To say that rhubarb soup is one of the best desserts I’ve ever tasted would be an understatement. The soup was a harmonious blend of tartness and sweetness, offering a refreshing finish to a sumptuous meal. In fact, the experience was so delightful that I am seriously considering stocking up my freezer with rhubarb just to ensure I can recreate this mouthwatering dish out of season.

So, if you’re in search of a dessert that’s both refreshing and effortless to prepare, don’t hesitate to try rhubarb soup. The recipe is straightforward, and the end result is nothing less than heavenly. Even if you’re skeptical at first, like I was, this dish is certain to win you over with its unique, delicious flavors.

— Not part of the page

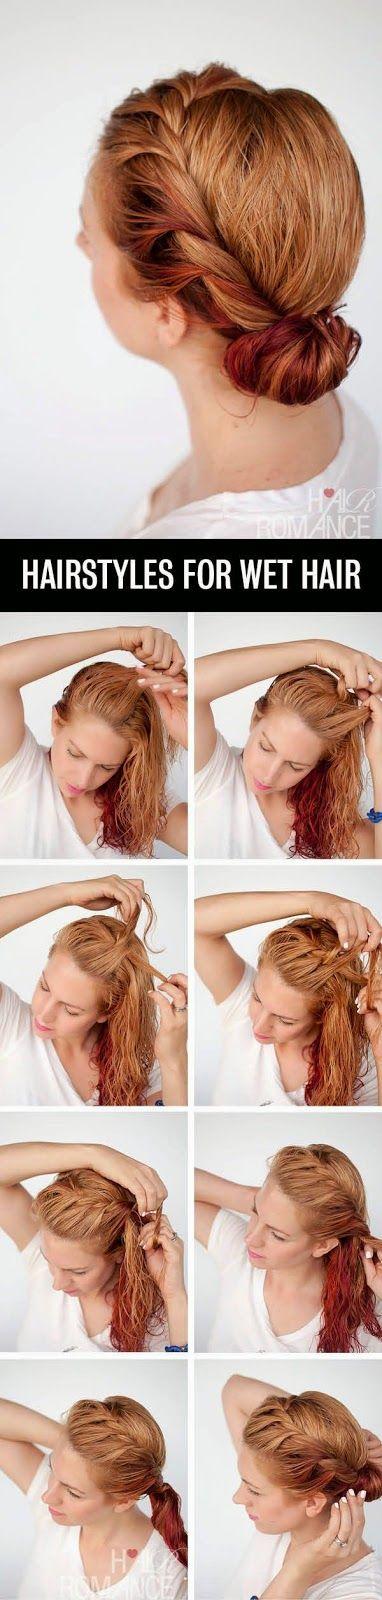 Hairstyles For Wet Hair | Medi Villas

Recipe: Rhubarb Soup with Ice Cream and Figs

Recipe by 2 Hungry Birds – Tina Course: DessertCuisine: Denmark
Servings

6

servings

Indeed, rhubarb soup turned out to be one of the best desserts I have ever had, so hurry up and make this dish because it is wonderfully refreshing and really easy to make. I would even stock up my freezer with rhubarb so I can make this dish again, even when rhubarb isn’t in season.

Ingredients

  • Rhubarb Soup Ingredients
  • 2 lbs 2 (1kg) rhubarb, , cut into
    ¾ inch pieces

  • 8.8 oz 8.8 (250 grams) sugar

  • 2 2 vanilla pods, flaked and vanilla beans scraped

  • 10 oz 10 (300 ml) water

  • Caramelized Figs Ingredients
  • 3 3 dried figs

  • ½ tablespoon ½ butter

  • 6 scoops 6 vanilla ice cream

  • 6 sprigs 6 mint

Directions

  • Clean and cut the rhubarb into 3/4 inch pieces, and throw it in a pot with water, sugar, whole vanilla pods and scraped vanilla beans. Heat the mixture in the pot and let simmer for about 10 min.
  • Strain the rhubarb liquid (the ‘soup’) into a bowl, and transfer the rhubarb pieces that are retained (the ‘compote’) into another bowl, removing the vanilla pods. Let both bowls cool off in the refrigerator for a few hours or over night.
  • Cut the stems off the figs and flatten each fig so the stem is centered. Cut the figs into small “pizza slices” for a consistent look. Heat the butter in a small pan and sauté the figs for a few minutes or until browned. Transfer to a plate lined with paper towel.
  • Divide the cold rhubarb soup into six bowls or deep plates, and add the compote on top with a scoop of vanilla ice cream. Sprinkle with caramelized figs and garnish with a sprig of mint.